A Girardian Thought Experiment, Part II--When Do We Become Human?

In the previous post, we looked at two basic ideas.  First, there is a moral intuition that many of us have with regard to the beginning of life--a child who is born is fully human, zygote is not fully human, and the stages in between are something of a disputed grey area.  Second, drawing on Girard, there is the notion of defining humanity in terms of its participation in human society, the "Social Other" as James Alison puts it, that forms us and is formed by our presence and action.

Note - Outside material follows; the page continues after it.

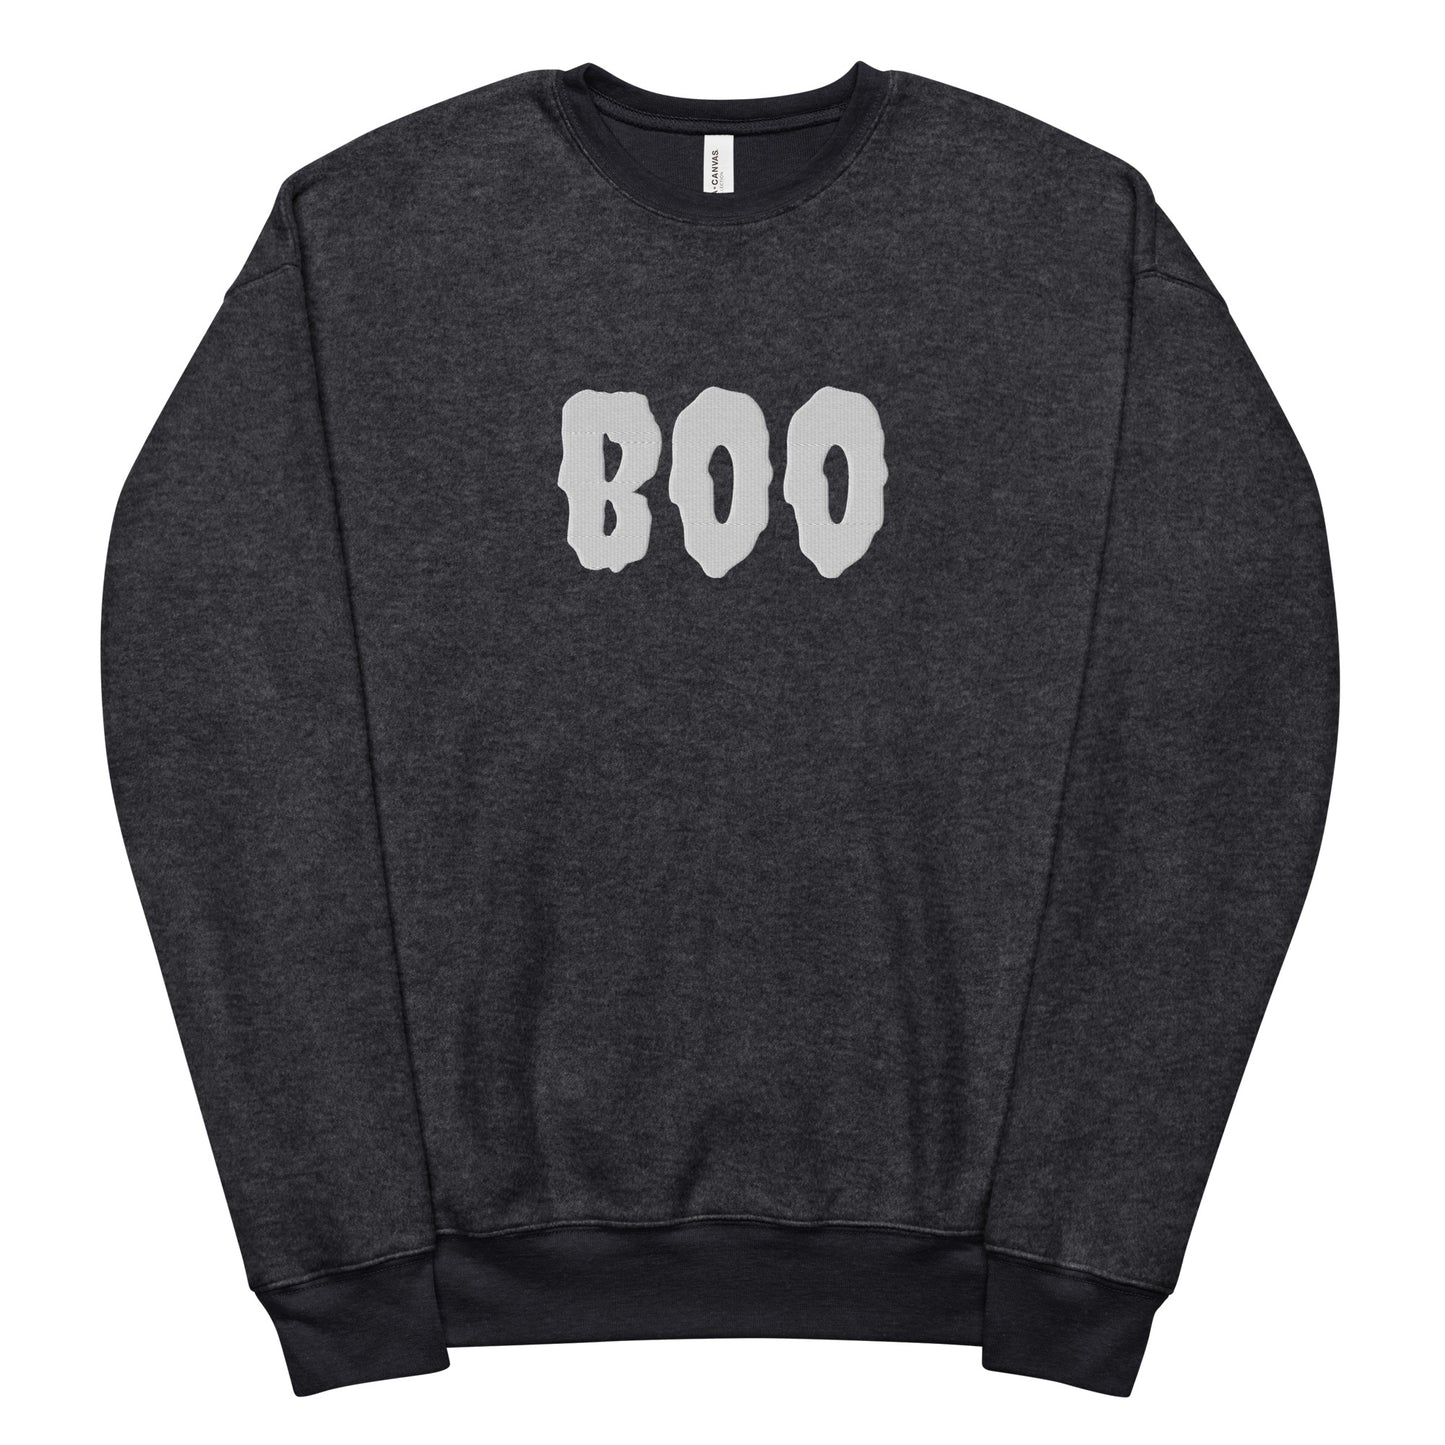 Boo Fleece Sweatshirt

Let's, then, try to put these ideas together.  By defining humanity in terms of the interaction with and participation in the "Social Other," the most critical event in the life of any human being is the moment of birth.  At the moment of birth, a human being is "installed" in human society in a way that is categorically different from what comes before, in at least two ways.  First, at the moment of birth a baby is able to interact with and be influenced by the entirety of human society.  Obviously a baby will not encounter every person in the world, but his or her interactions are in theory unlimited--there is no inherent reason why he or she cannot encounter any part of human society at any time.  Moreover, the interactions that the child does have are unmediated--the child is interacting directly with these other people, and can form relationships and bonds with them that do not require the presence of any other person.  We talk all the time about fathers and relatives and friends "meeting" a child at birth or soon after, and this makes sense in that birth represents the first opportunity for a person to form a relationship with the new baby in a direct way.

Prior to birth, a fetus's interactions are necessarily limited to and mediated through only one other human being--the mother.  That is not nothing, and it represents a claim to humanity that must be considered and taken seriously, but it is a participation in human sociality that is different both in scope and in kind from that of a born child.  This is consistent with our basic moral intuition--we may disagree on the proper moral duties with regard to pre-natal life, but we all agree that post-natal children should be morally and legally protected, because whatever we think about abortion, we believe there is something different about a born child from that of a pre-born one.  We should not be surprised that the "slippery slope to infanticide" arguments don't actually play out in the real world, because there are lots of solid grounds for pro-choice people to draw a bright line between birth and pre-birth.

Let's go to the other end of the timeline and look at a pre-implantation fertilized embryo.  To what extent can it be said to interact with and participate in human society?  I think the answer, if we are being honest, is "not at all."  This fertilized embryo is not interacting with any human being in any manner, directly or indirectly.  Sure, it has the potential to do so if it were to develop, but so would a sperm or egg cell if they were to come together and be fertilized.  If we really viewed potential as the basis for humanity, we would be forced to conclude, as Evans notes, that we should be mourning the deaths of countless millions of fertilized embryos that are never implanted and pass unknown out of the woman's body.  That seems bizarre to most people, and this framework gives us an explanation as to why--we mourn people who have actually impacted our shared human society, not the hypothetical potential of having such an impact.  I think it is reasonable to conclude that a pre-implantation fertilized embryo is not a human being, and is not subject to the legal and moral protections we give to human beings.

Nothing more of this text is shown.